* Given information *
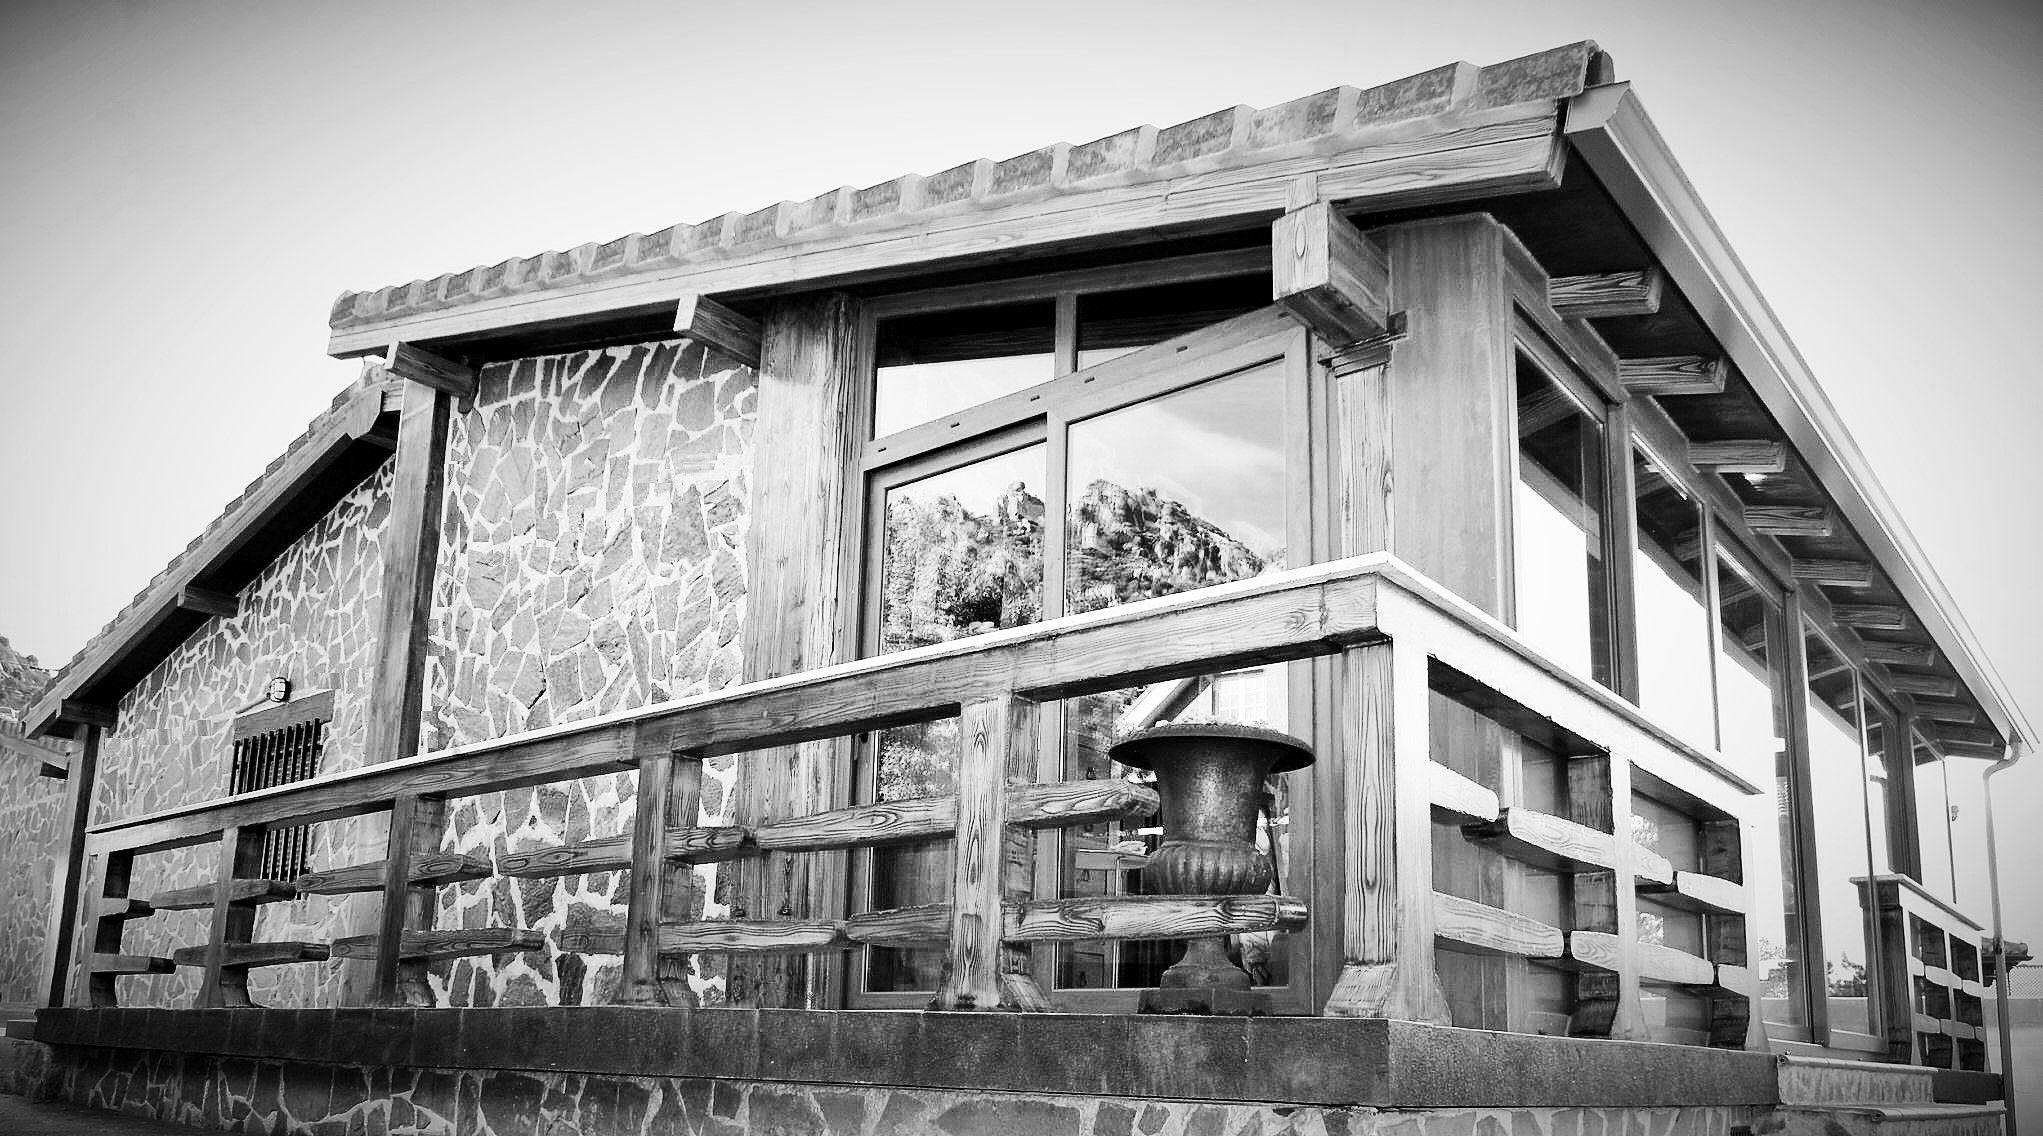 Casa prefabricada en byn casas de acero y hormigon casas - Acero casas prefabricadas ...
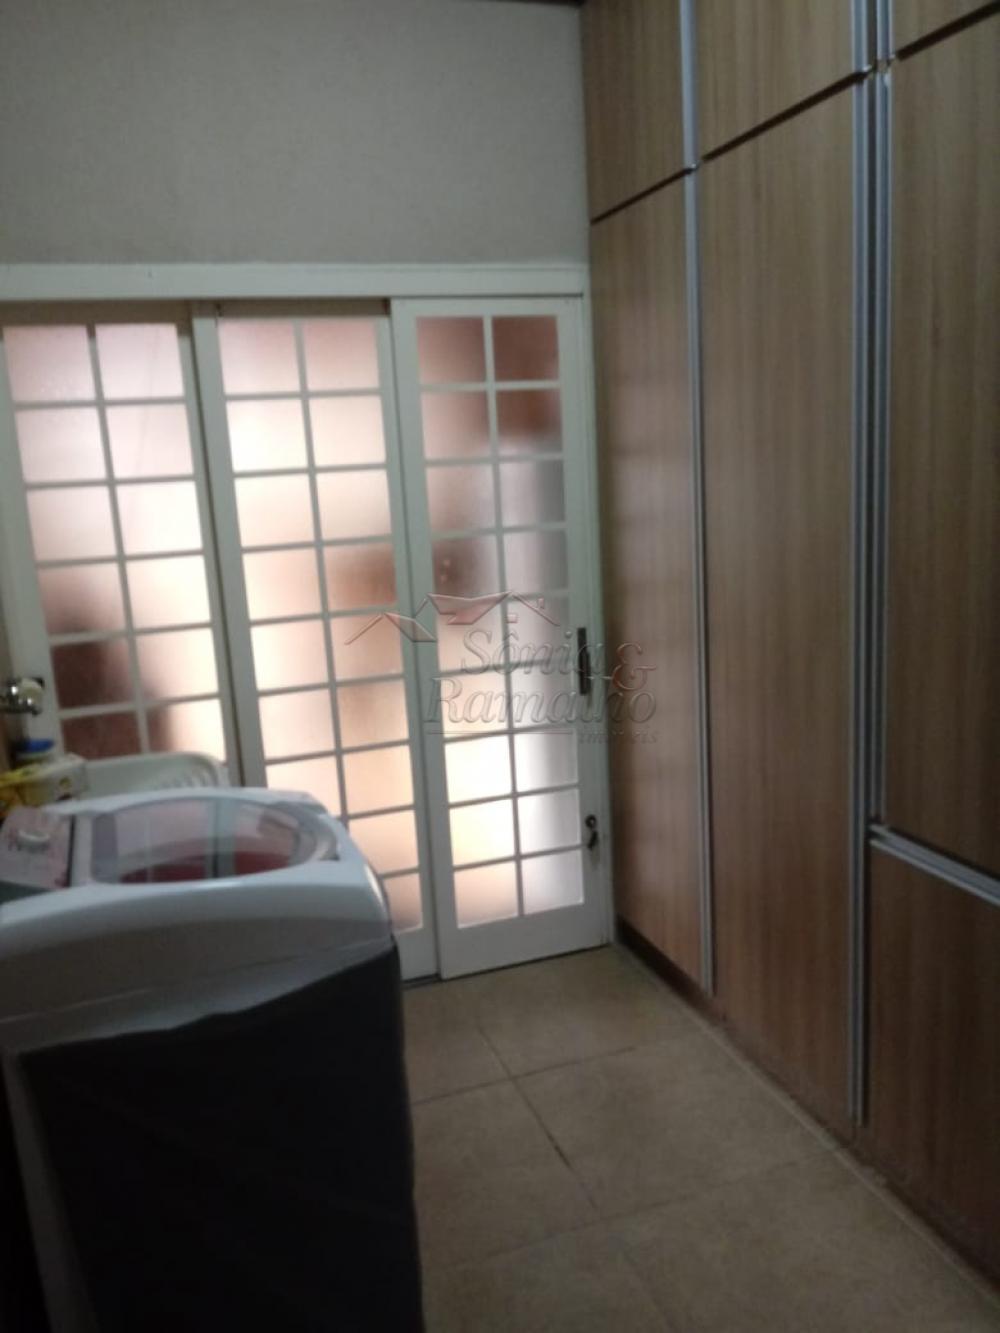 Comprar Casas / Padrão em Sertãozinho apenas R$ 535.000,00 - Foto 19
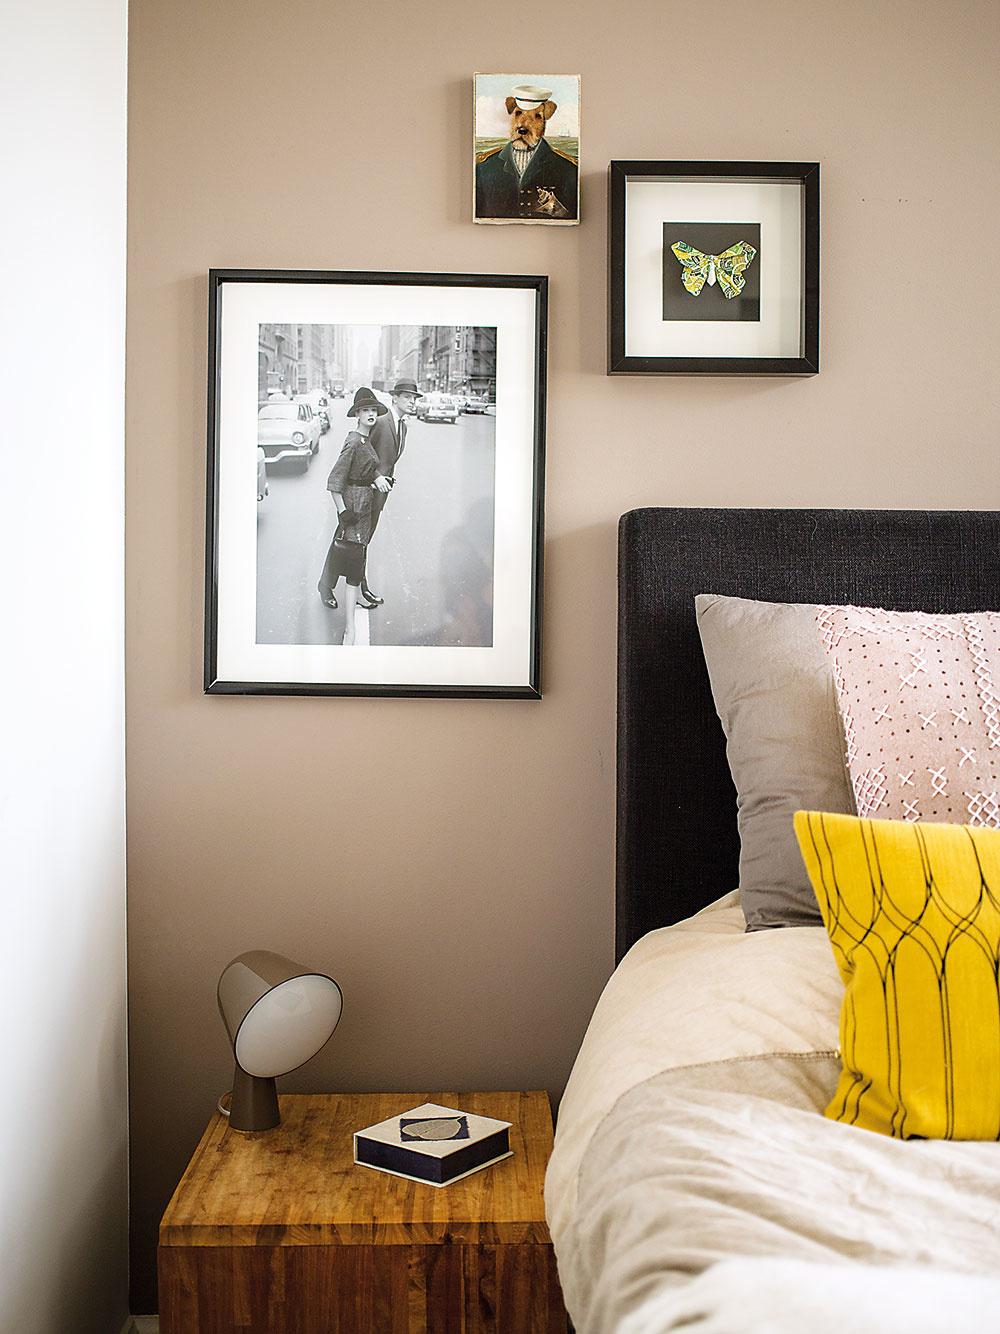 STENA ZA ČELOM POSTELE je natretá béžovou farbou adekorujú ju obrazy afotografie včiernych rámoch. Ale aby to zas nebola až príliš nuda, pokojný charakter miestnosti rozbíja žiarivý žltý vankúš.
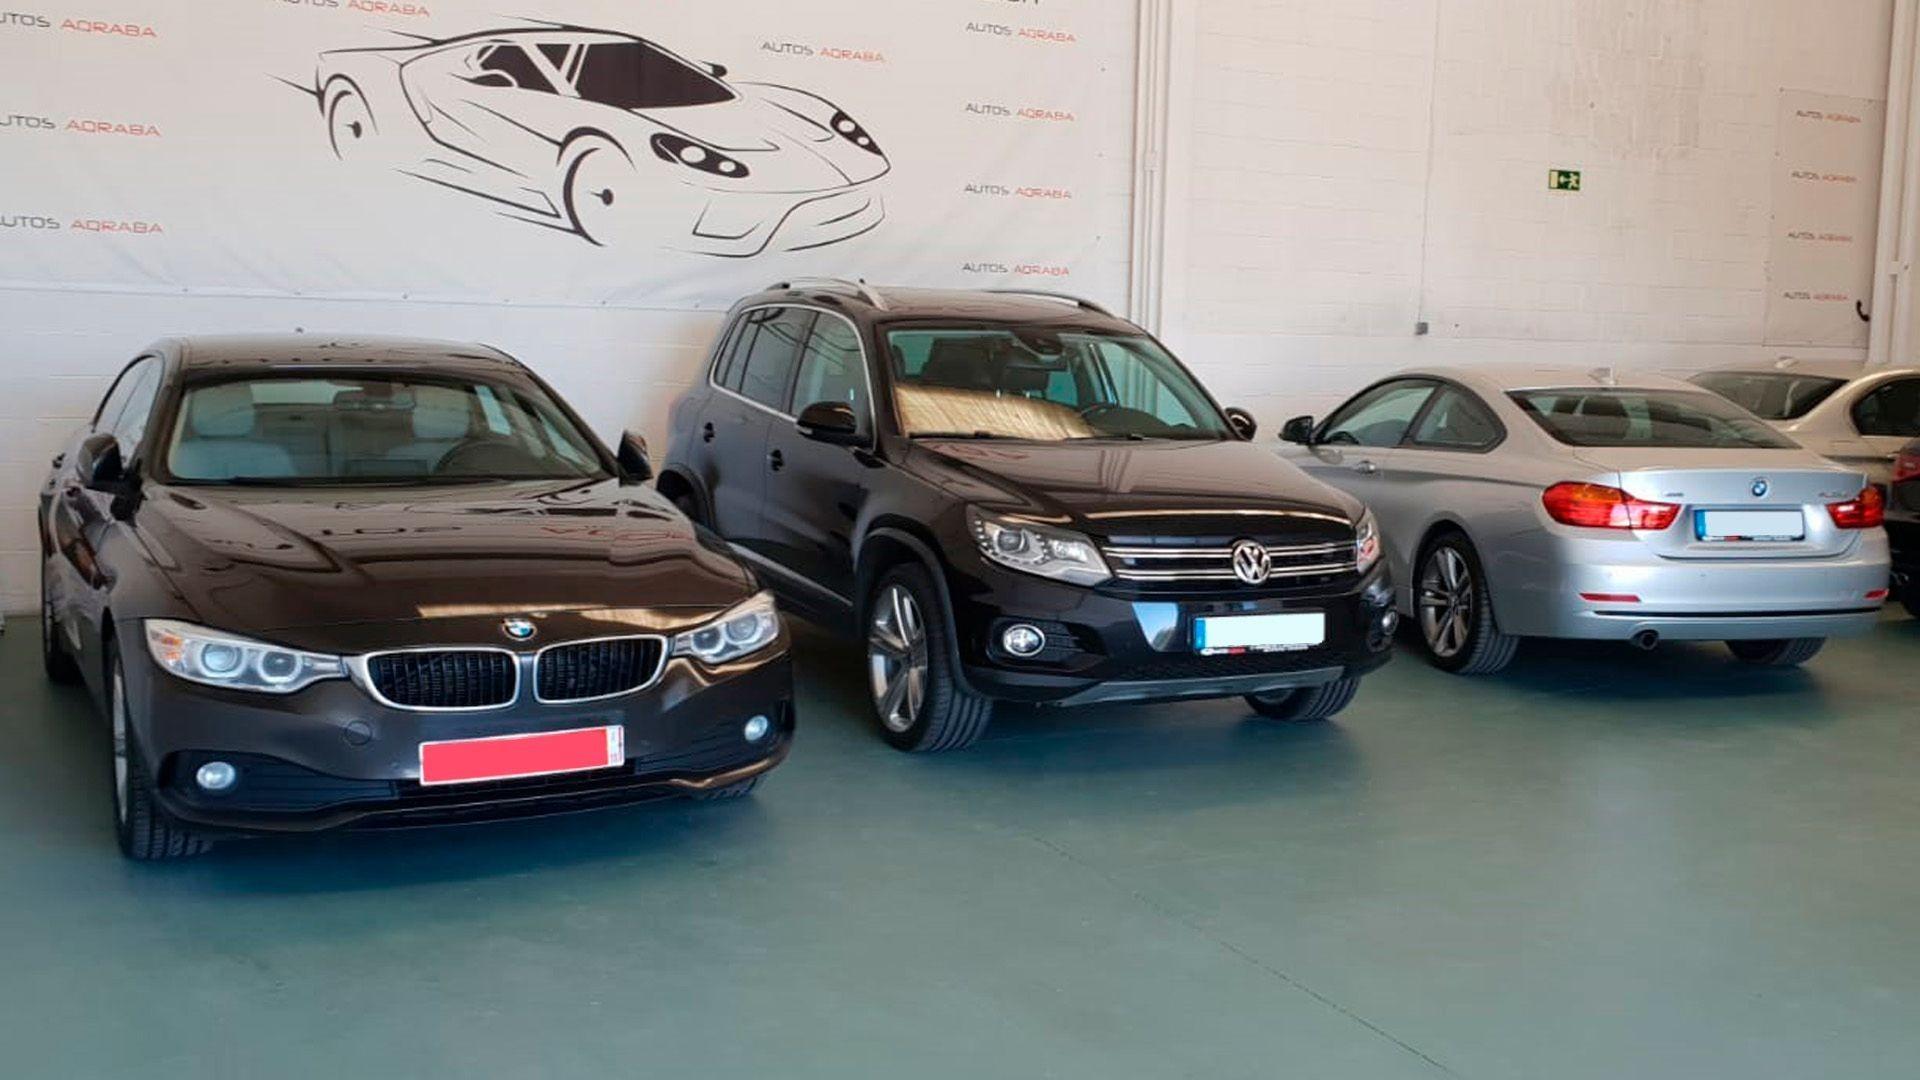 Compra y venta de vehículos de alta gama en Madrid

* Exercise details *
Please reproduce the material above word for word, without its images.

* Solution *
 Casa prefabricada en byn casas de acero y hormigon casas - Acero casas prefabricadas ...
 Comprar Casas / Padrão em Sertãozinho apenas R$ 535.000,00 - Foto 19
 STENA ZA ČELOM POSTELE je natretá béžovou farbou adekorujú ju obrazy afotografie včiernych rámoch. Ale aby to zas nebola až príliš nuda, pokojný charakter miestnosti rozbíja žiarivý žltý vankúš.
 Compra y venta de vehículos de alta gama en Madrid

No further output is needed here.